A build tool (a CLI) that uses wasm-bindgen under the hood.
Automates the whole process: compiling Rust to WebAssembly, running wasm-bindgen, packaging everything as an npm package, and making it ready to publish or consume from a JS project.
It ensures that the correct target (wasm32-unknown-unknown) is used.
Creating package.json.
Running tests in headless browsers.
Building with release optimizations.
Think of it as the workflow manager for Rust + WASM projects.

Float32Array

The difference between a Float32Array and basic JavaScript array mainly comes down to type, memory, and performance.
A typed array that can only store 32-bit floating-point numbers.
Stores numbers in contiguous memory, meaning all numbers are tightly packed as 32-bit floats. This makes it faster for numeric computations and more memory-efficient.
Ideal for WebGL, audio processing, or numerical calculations.

Implementations

1. Pure JavaScript

function pure_js_modify_array(floatArray) {
  for (let i = 0; i < floatArray.length; i++) {
    floatArray[i] += 2.0;
  }
}

function pure_js_fibon(n) {
  if (n <= 1) return n;
  let a = 0, b = 1;
  for (let i = 2; i <= n; i++) {
    [a, b] = [b, a + b];
  }
  return b;
}

2. Wasm-bindgen crate

We can create a Float32Array in JavaScript, which is highly efficient and can be passed to Rust:

const floatArray = new Float32Array(len);

In Rust, using wasm-bindgen, we can receive this array as a slice (&[f32]). However, this copies the data from JavaScript memory into Rust memory. This overhead is negligible for small arrays but can become significant for large arrays or performance-critical workloads.
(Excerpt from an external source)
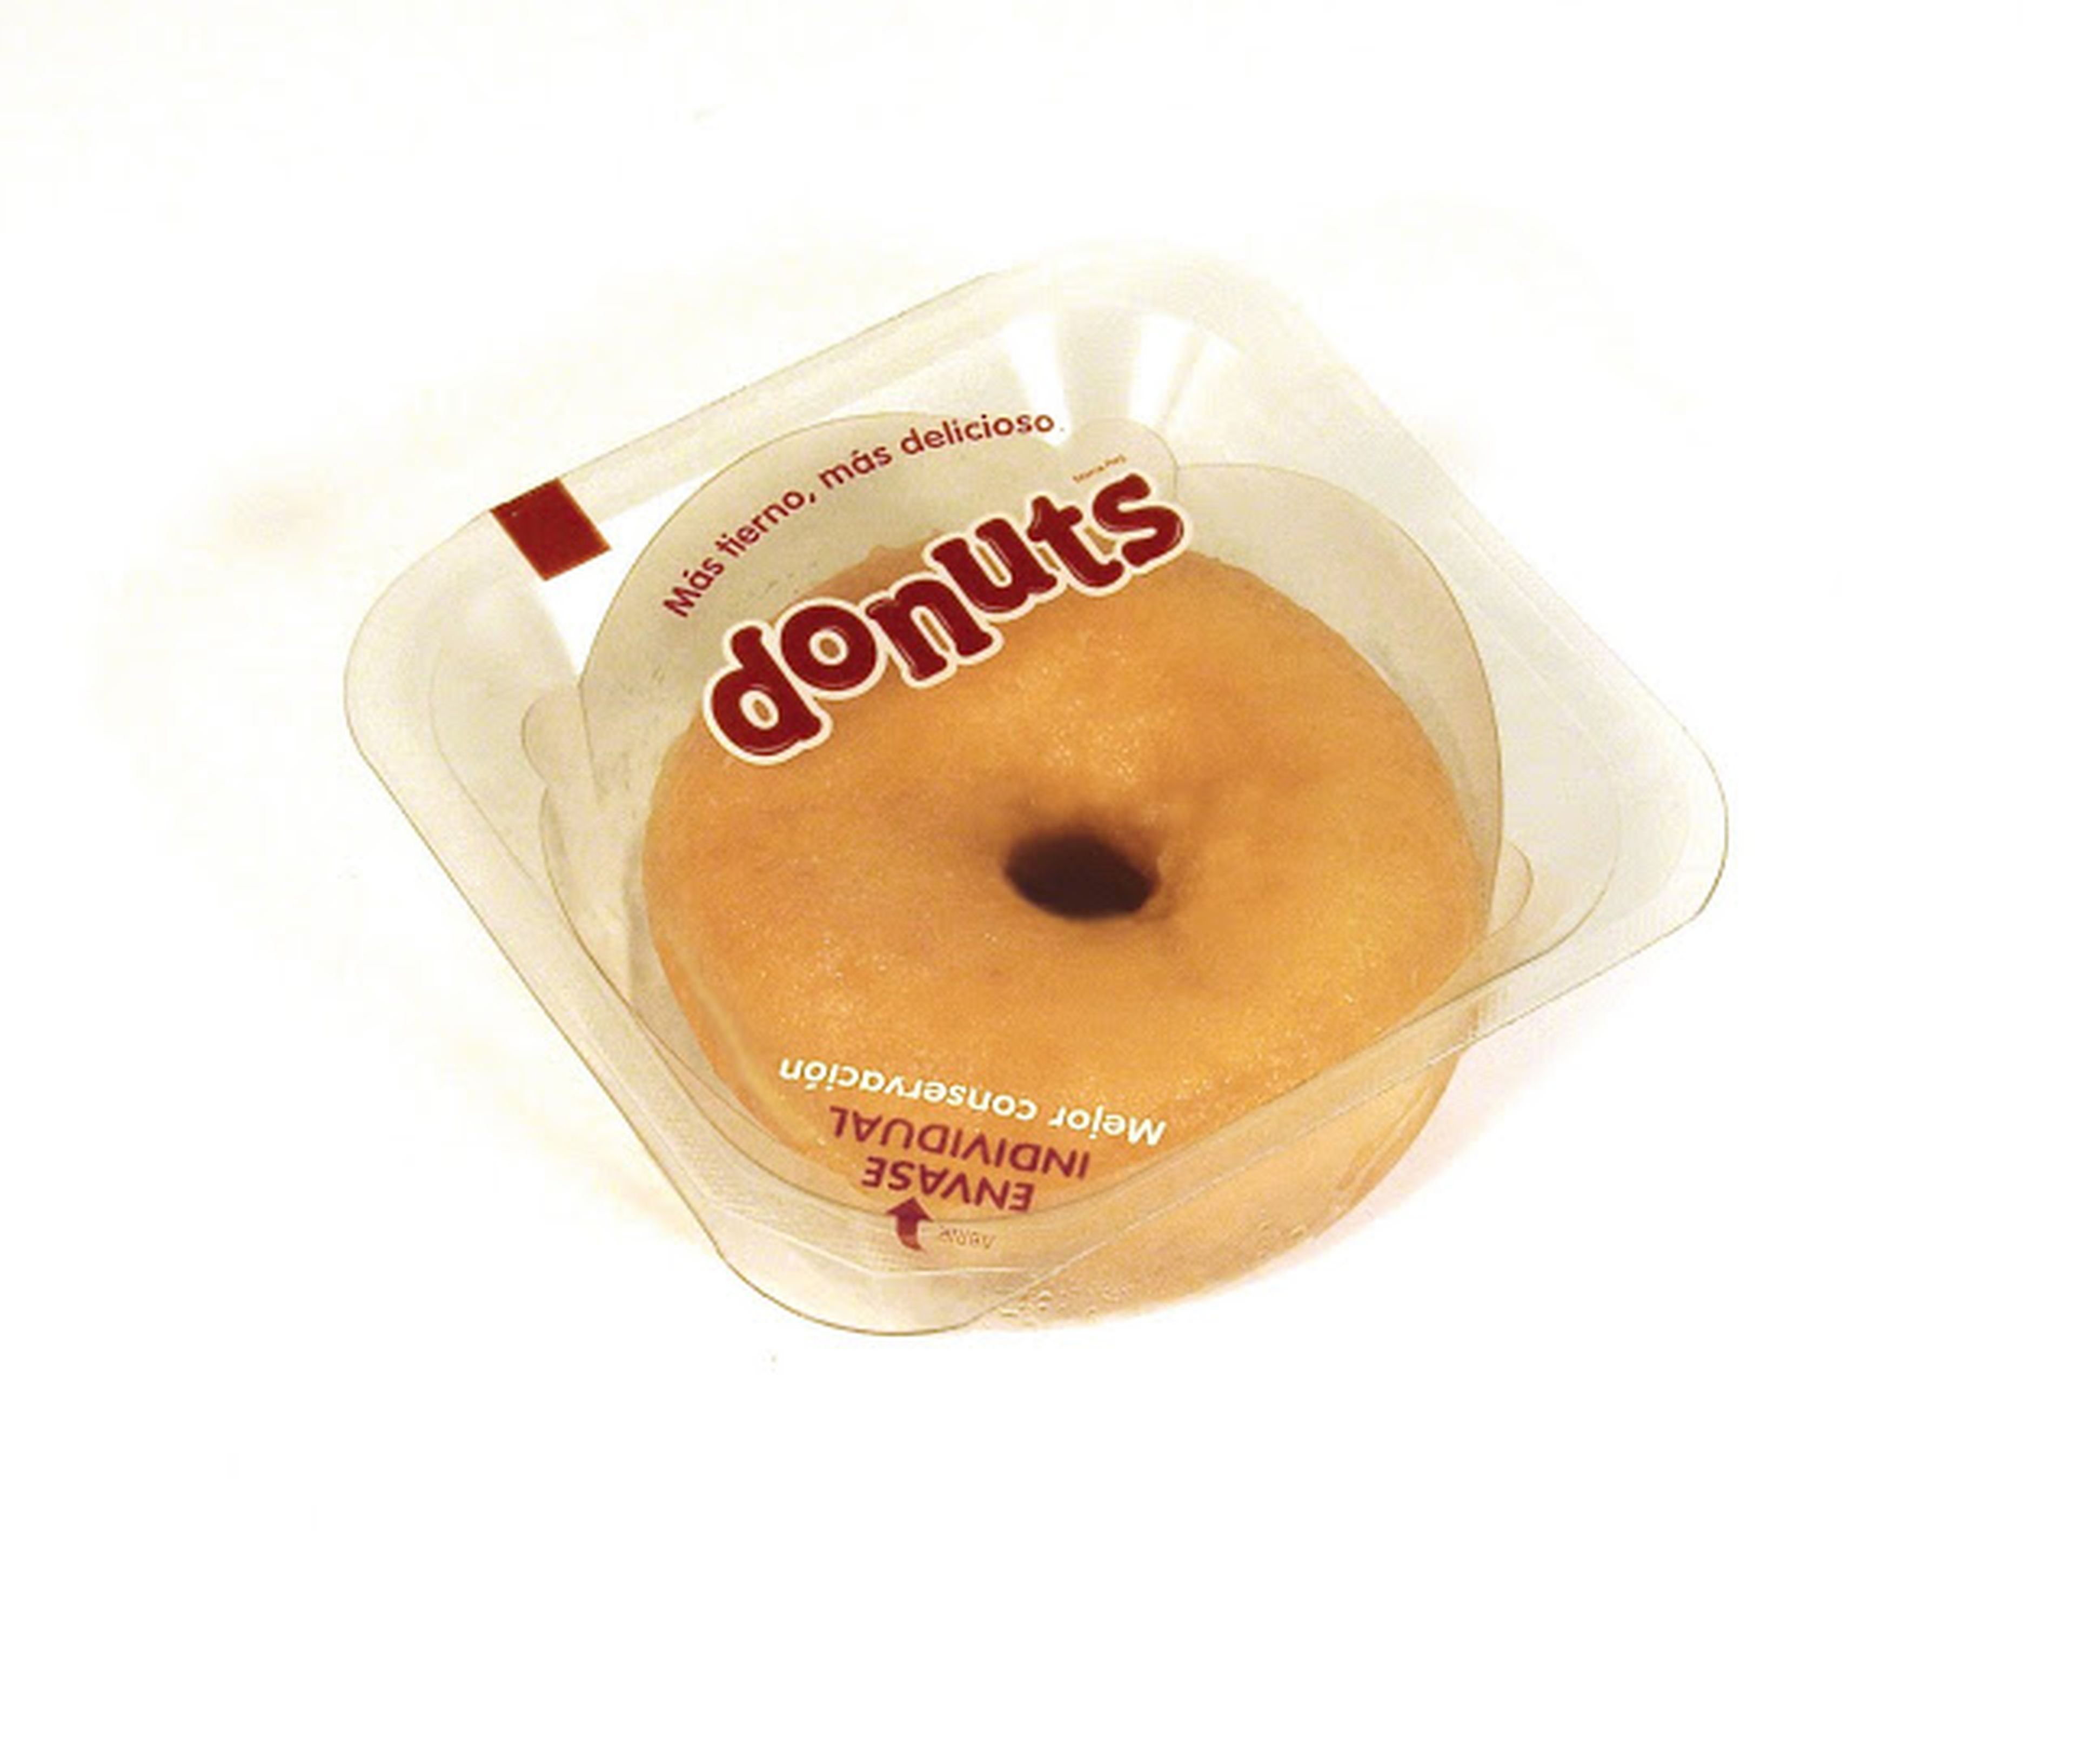 Donuts individual

use wasm_bindgen::prelude::*;

#[wasm_bindgen]
pub fn wasm_modify_array(arr : &[f32]) -> Vec<f32> {
    arr.iter().map(|&x| x+2.0f32).collect()
}

#[wasm_bindgen]
pub fn wasm_fibon(n:u32) -> u64{
    match n {
        0 => 0,
        1 => 1,
        _ => {
            let mut a  = 0;
            let mut b = 1;

            for _ in 2..=n {
                let tmp = a + b;
                a = b;
                b = tmp;
            }
            b
        }
    }
}

3. Raw Wasm

This section demonstrates a low-level, raw WebAssembly approach to modifying arrays in Rust, including both a scalar version and a SIMD-accelerated version. In Rust, the functions use raw pointers (*mut f32) and slice conversion (from_raw_parts_mut) to manipulate memory directly.

Note: To enable SIMD, RUSTFLAGS="-C target-feature=+simd128" is required at compile time.

Note: unsafe blocks are required because this approach bypasses Rust’s usual memory safety guarantees.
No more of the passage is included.